Discussion in 'Maintenance, Tinkering & Embellishment' started by ejames13, Nov 1, 2017.

  1. adamlau


    Oct 13, 2002
    The thing is that Ben of EP is an honest fellow. And what he says is bond. So if he says that diamonds are not compatible with any steel...Well then, diamonds are assuredly not compatible with any steel. Period. Ben said so, therefore it must be!
    Last edited: Nov 3, 2017
  2. adamlau


    Oct 13, 2002
    ^ This guy is nuts. Don't listen to him!
    DeadboxHero likes this.
  3. DeadboxHero

    DeadboxHero Triple B Handmade, Custom Knives Knifemaker / Craftsman / Service Provider

    Mar 22, 2014
  4. ToddS

    ToddS Basic Member Basic Member

    Jan 15, 2015
    Wicked Edge claims the diamond plates are good for 500 knives which would correspond to 250 with the Edge Pro (since one plate does both sides of the blade).
    20 cents per sharpening seems quite reasonable to me.

    It's not been my experience that diamond plates wear by diamonds pulling out. The diamonds that are well bonded (half below the nickel surface) slowly break down with use (and expose new sharp points). The diamonds that are loosely bonded are lost during break-in.
  5. maximus83


    Nov 7, 2011
    ^This. Exactly. I'm not a "pro sharpener" but this has been my experience with quality diamond plates as well (I've had a few NON-quality ones, they are not part of this discussion :) ). They cut steel of all types just fine. They wear with use. But they wear slowly compared to other stone types. As expected.
  6. Diemaker

    Diemaker KnifeMaker / Craftsman / Service Provider Knifemaker / Craftsman / Service Provider

    Apr 28, 2017
    With a properly plated diamond stone using metal bond diamond crystals, which are the preferred type for this type of use, the diamond does not break down exposing new edges, it will sheer off at the bond line and be gone. With a less than perfect bond the diamond crystals will pull out. It is insanely hard to bond a metal to a diamond crystal, you have to use a reactive metal alloy in a minimum torr 10-4 vacuum chamber. When done right you can have a 25% bond line, 75% of the diamond crystal is fully exposed with no bond on it, and the diamond crystal will not pull out. With a properly plated diamond plate there is no bond taking some, or most, of the load when using it, all the bond is well below the abrasives.
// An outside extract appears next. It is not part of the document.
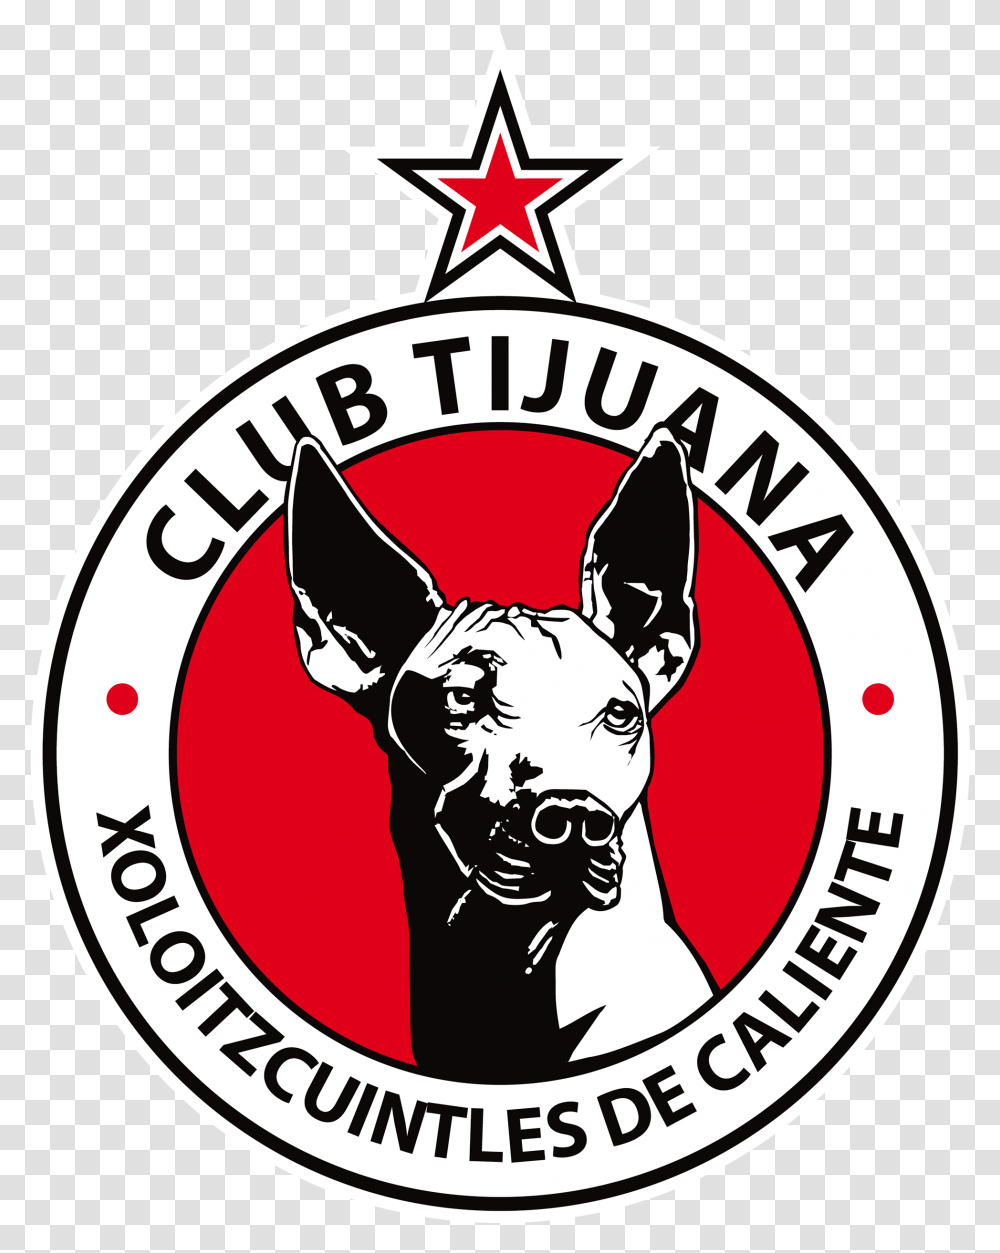 Club Tijuana Logo Football Logos Xolos De Tijuana, Symbol, Trademark, Emblem, Badge Transparent Png

When you are grinding on a .01" wide bevel it would be very easy to overload the diamond crystals on such a small contact area. I think it is this, poor quality diamond, and inferior bonds that are what lead some people say diamonds are no good for sharpening steel knives, it has nothing to do with diamond itself.
    FortyTwoBlades and maximus83 like this.
  7. Getting older

    Getting older

    Jan 3, 2016
    I think that sometimes we forget that anybody can put a idea on youtube about anything.The catch is you/we have no way of knowing how much,if experience that poster has in regard to that particular video.
  8. on_the_edge

    on_the_edge Gold Member Gold Member

    Jan 31, 2006
    Plus the woman in the background never shook her head "no", but nodded "yes" multiple times. Not only does he know of what he speaks, but she can vouch for him. C'mon people, open your eyes and let the light in!!! ;)
    Hytekrednek likes this.
  9. PoorUserName


    Aug 28, 2017
    I see a huge study funded by DMT proving this wrong. :rolleyes:
  10. maximus83


    Nov 7, 2011
    Burden of proof is not on DMT. Burden of proof is on the guy making this absurd claim to back it up with some actual evidence.
    FortyTwoBlades likes this.
  11. Diemaker

    Diemaker KnifeMaker / Craftsman / Service Provider Knifemaker / Craftsman / Service Provider

    Apr 28, 2017
    Backing Ben up on this would be real easy and I would be happy to do it. Send me whatever you want to test and I can strip the diamonds right off. I have a microscope with a USB camera to take before and after photos to prove it.
    annr likes this.
  12. maximus83


    Nov 7, 2011
    Sure, do the tests for everyone's benefit though. DMT plates, multiple knives in different steels, photos. Atoma too. Show how many knives you sharpened before the plates break down and diamonds are torn out and stop working. And publish the results. Lacking that level of evidence--I don't believe his claims.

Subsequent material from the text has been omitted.